Because it meant my sister and I didn't have to worry or fuss or debate or wonder what Mom and Dad wanted. They had spelled it out.

She wanted to be cremated. You can tell by her own handwritten initials, NMW, Nell Martin Watson, right there on the notarized form. He left it up to me as his legal designee. I talked it over with my sister, and we placed their cremated remains in the same double urn, separate chambers.

My mother was proud Scots-Irish. She could pinch a penny with the best of them. I told my kids that, and they called me a racist! Maybe. But the last thing she would have wanted was a big expensive send-off.

They wrote their own obituaries, beginning decades ago, typing on onion-skin paper and making edits in pencil until the crinkly paper tore. Four, no six, no seven grandchildren. They included things I would have left out (committees, a resume in past tense) and left out things I would have included (he picked up a few bucks one night ushering at the premiere of "Gone With The Wind!") But it wasn't my obituary to edit.

Mom made notes at the bottom of her obituary of Scriptures and hymns for the funeral. "Joyful, Joyful, We Adore Thee." It's not what I would have picked, but it wasn't my funeral. My job was to honor my father and mother by following instructions. I did my best.

They had one funeral, one grave, and they'll have one headstone. For better or for worse, they gave up their individual identities to each other, and the two became as one.

My dad raised prize-winning camellias in a greenhouse behind our home. We cut some of his blooms and tossed them in the grave.

My dad told me he had no regrets. "I've had a good life," he said. "The Lord's been good to me. Nell's looked after me well."

If you've got to die, you might as well go with no regrets.

MAKING YOUR FINAL PLANS

Stuart Watson says to do it now - do not wait:

Have "the talk" about what you want to do with your remains. It's not morbid. It's practical. And it's loving.

Consider organ donation. Your death could save another life.

Fill out a living will or advance health care directive and get it signed and witnessed and notarized. This doesn't need to involve hiring an expensive lawyer to be legally binding. The North Carolina Secretary of State has a website with the forms available for free. You can file them online for $10. www.nclifelinks.org.

Write the obituary and have it edited by someone who knows you and loves you and can gently encourage you to brag more - or less.

Do you want flowers or a donation to charity in your name? If so, which charity?

Draft a will. Interview attorneys. You probably want to say who gets what, and you probably don't want to leave your loved ones with a big mess or a bitter and expensive court fight.

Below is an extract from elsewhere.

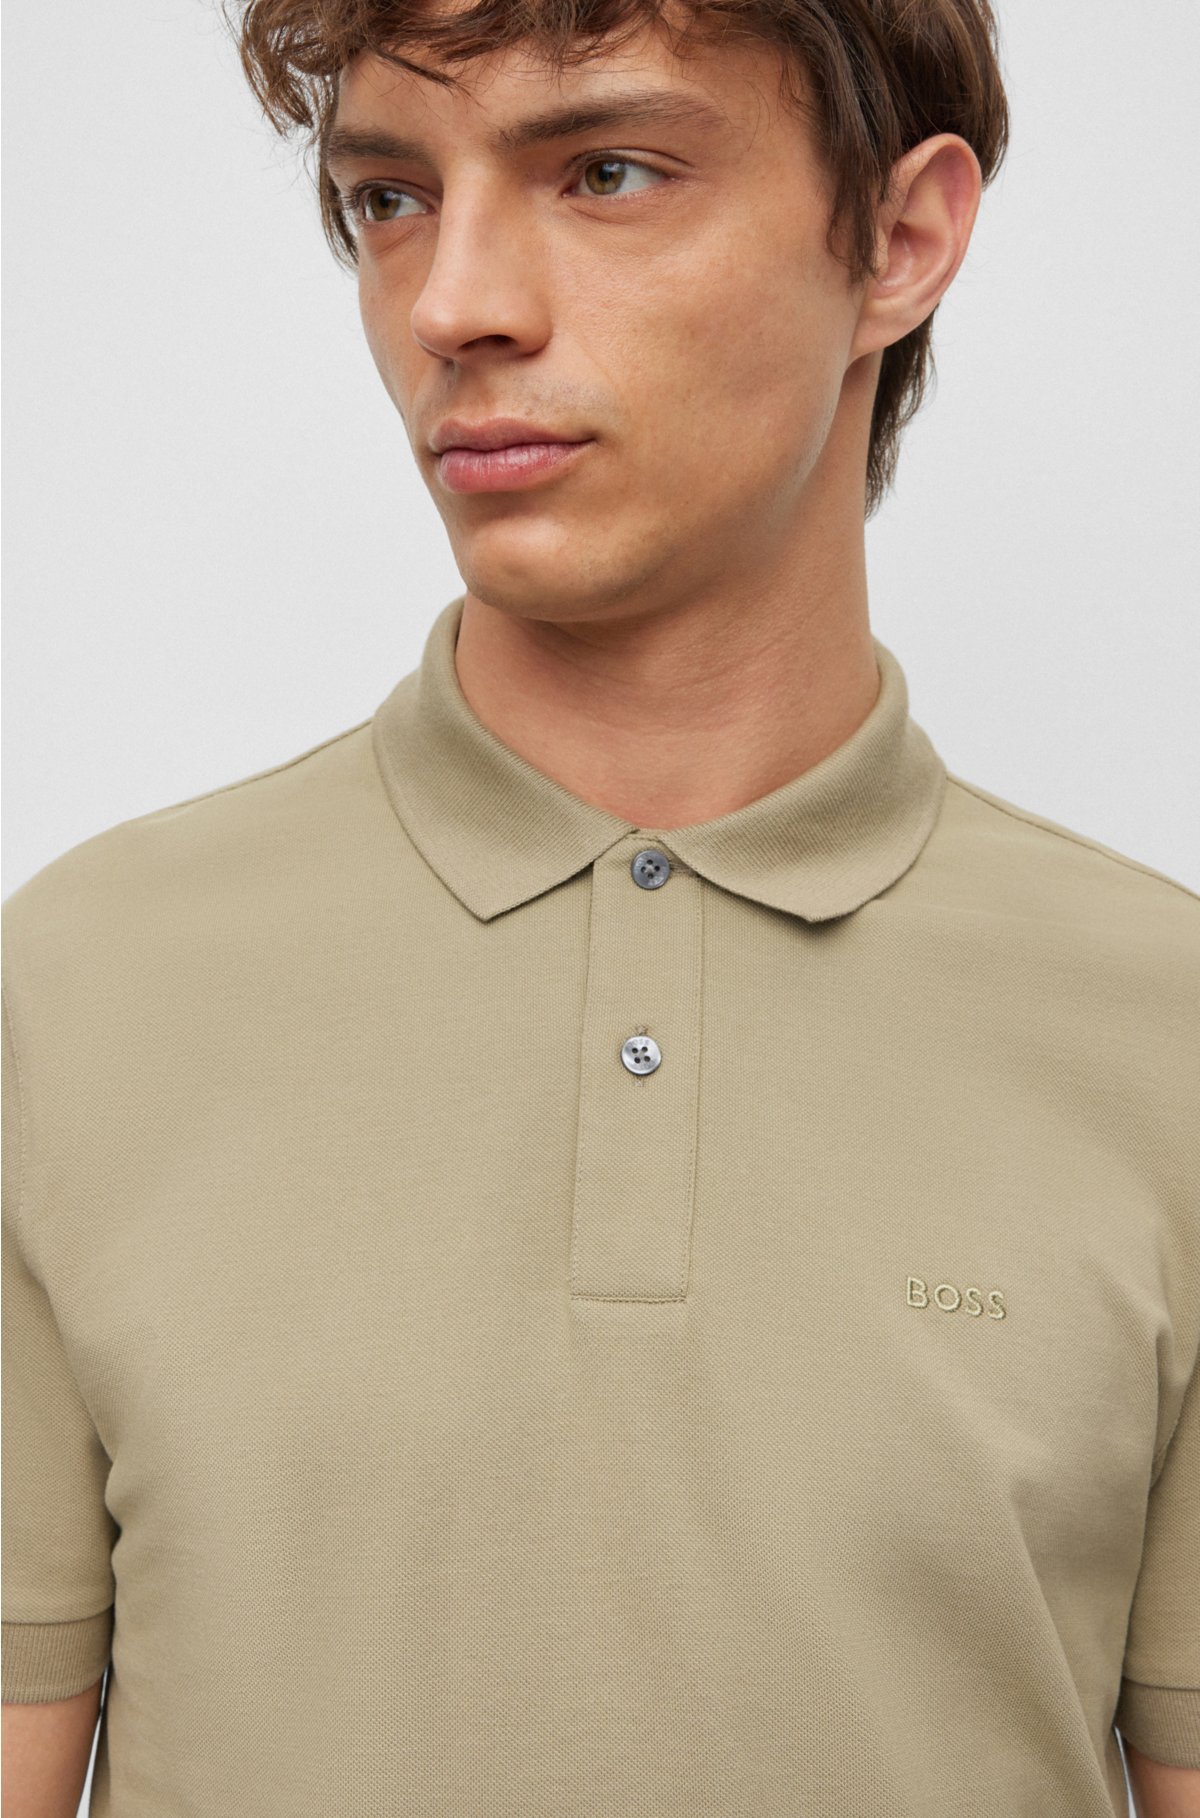 BOSS - Cotton shirt embroidered polo with logo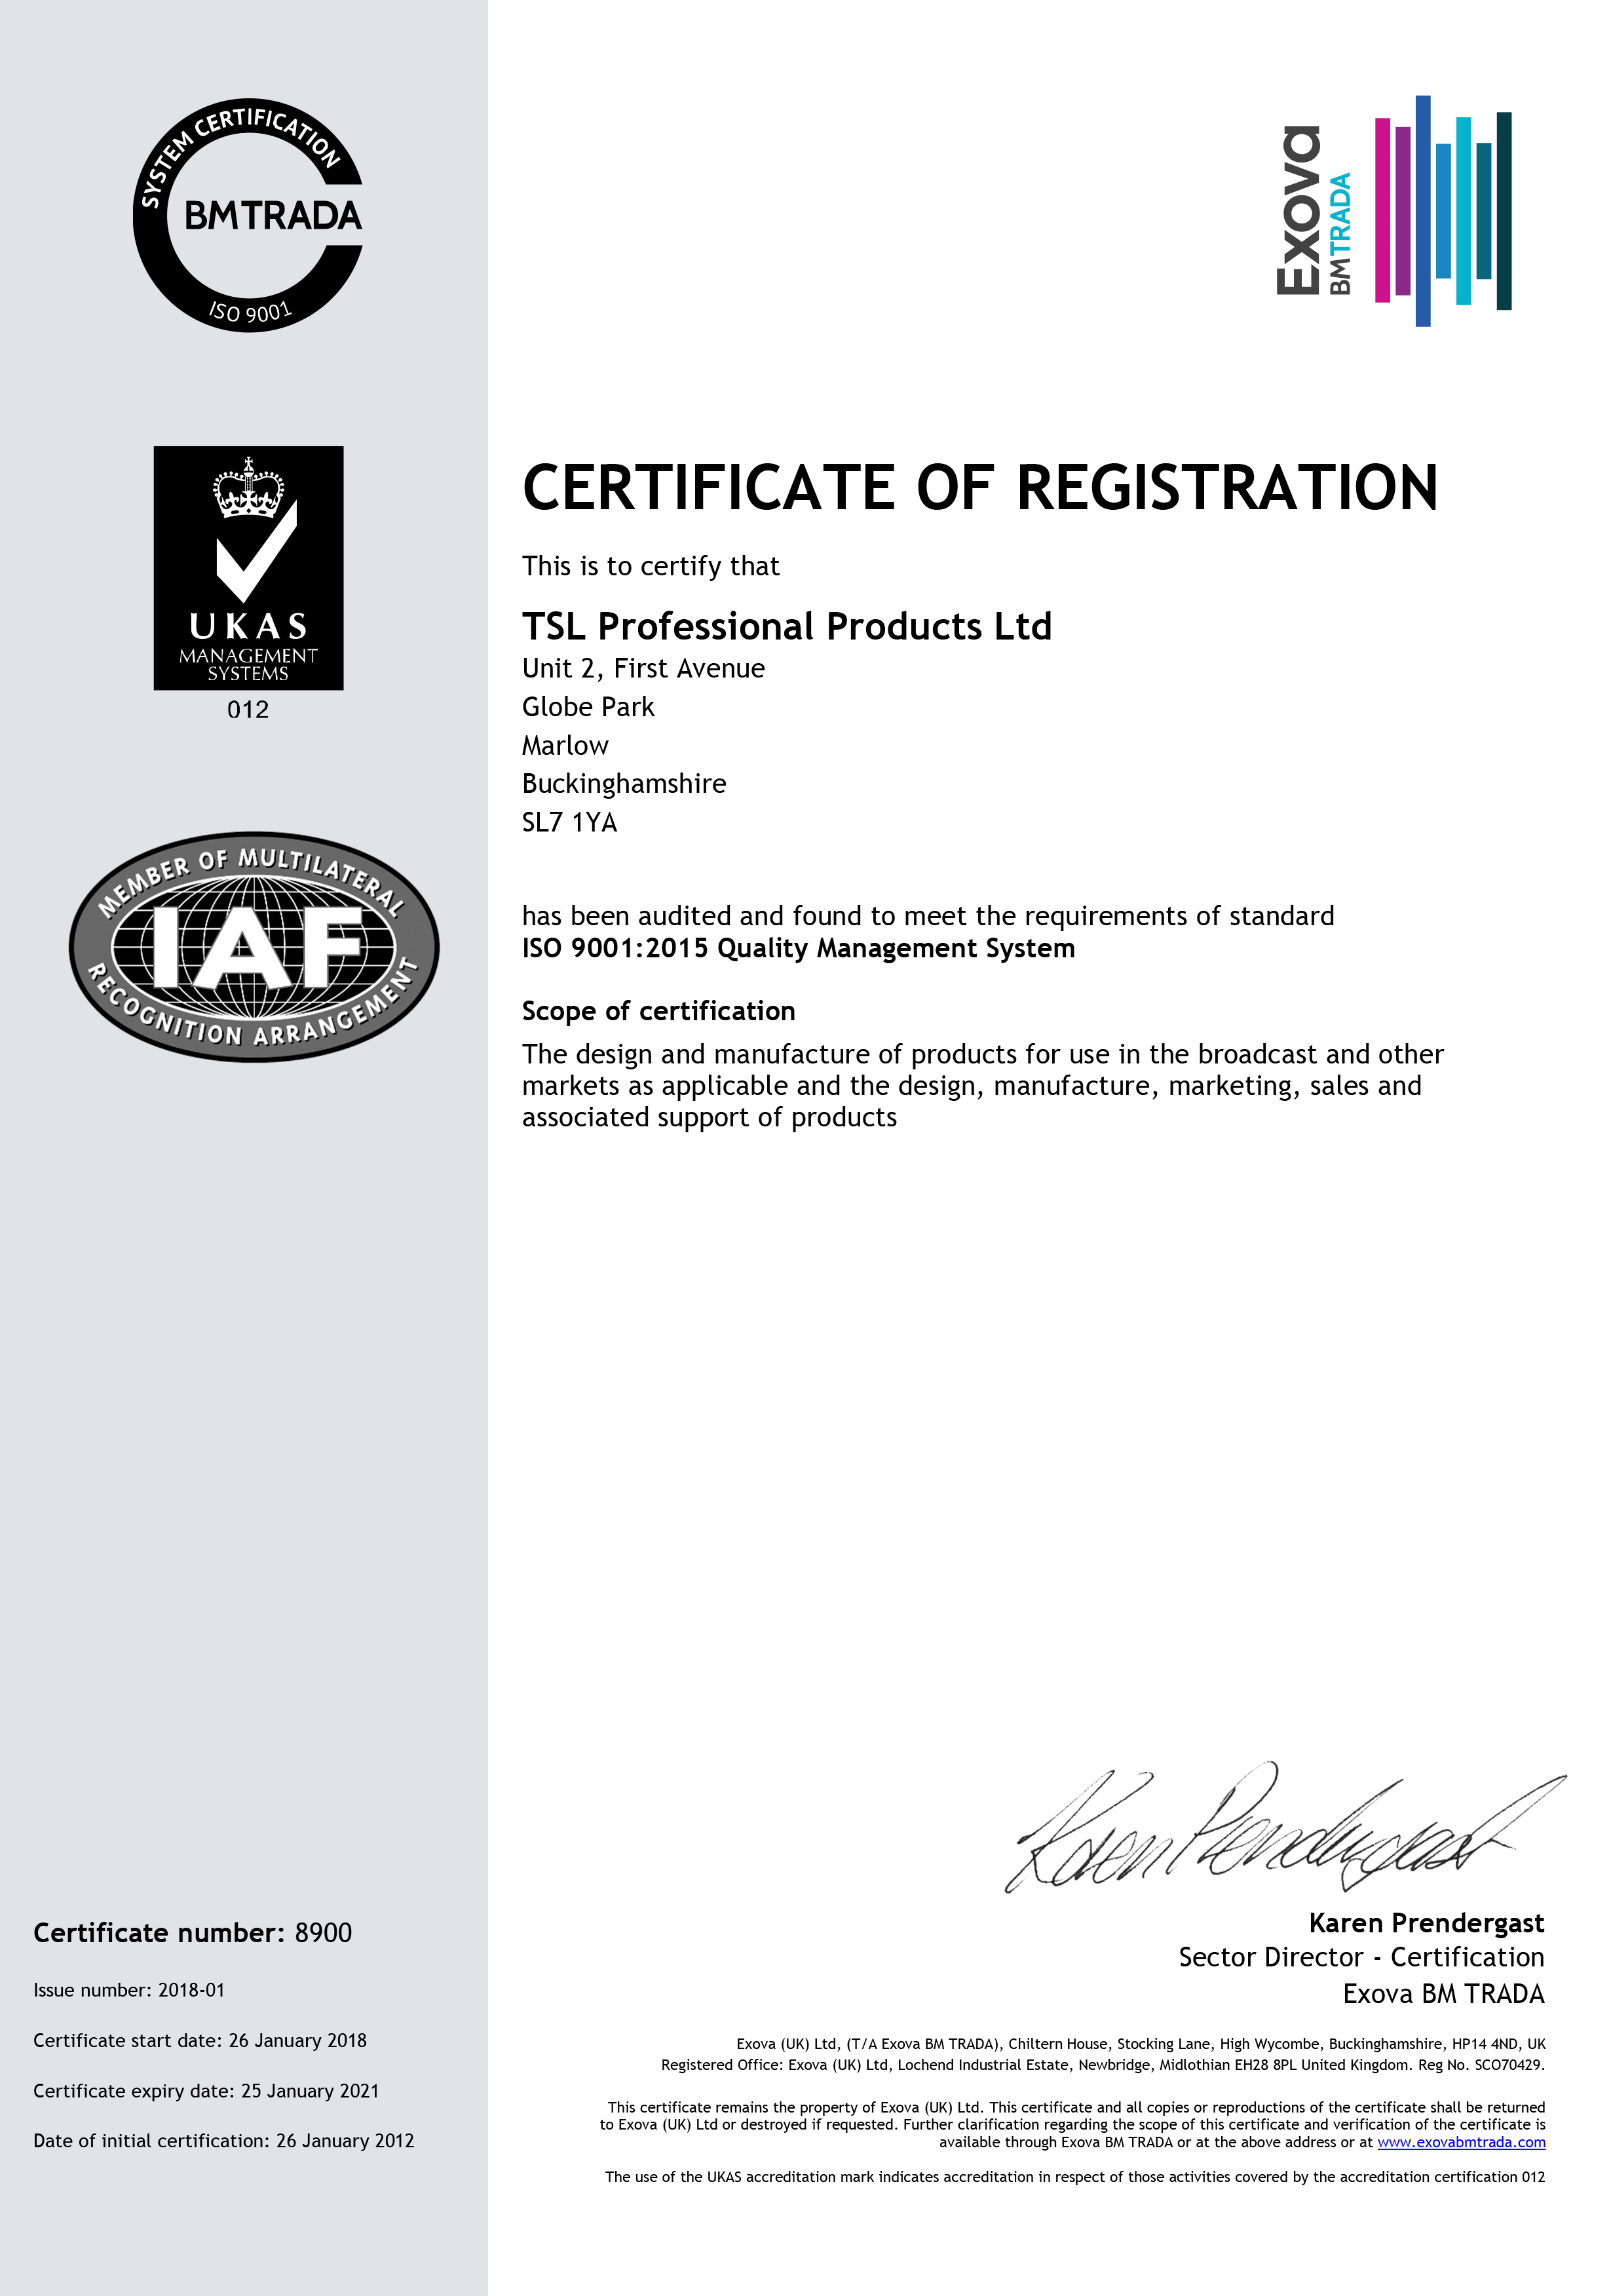 Black and White Certificate Logo - ISO9001 Certification

Consider calling the Funeral Consumer's Alliance, www.funerals.org, or shopping for caskets, urns, funeral homes or other major expenses so you'll know who to call when the time comes. It can save thousands of dollars and a lot of heartache for the family during a tremendously stressful time.

Store your documentation with a person or in a place where your next-of-kin will be able to immediately lay hands on it when the time comes.

Stuart Watson is an investigative reporter for WCNC-TV, the Observer's news partner.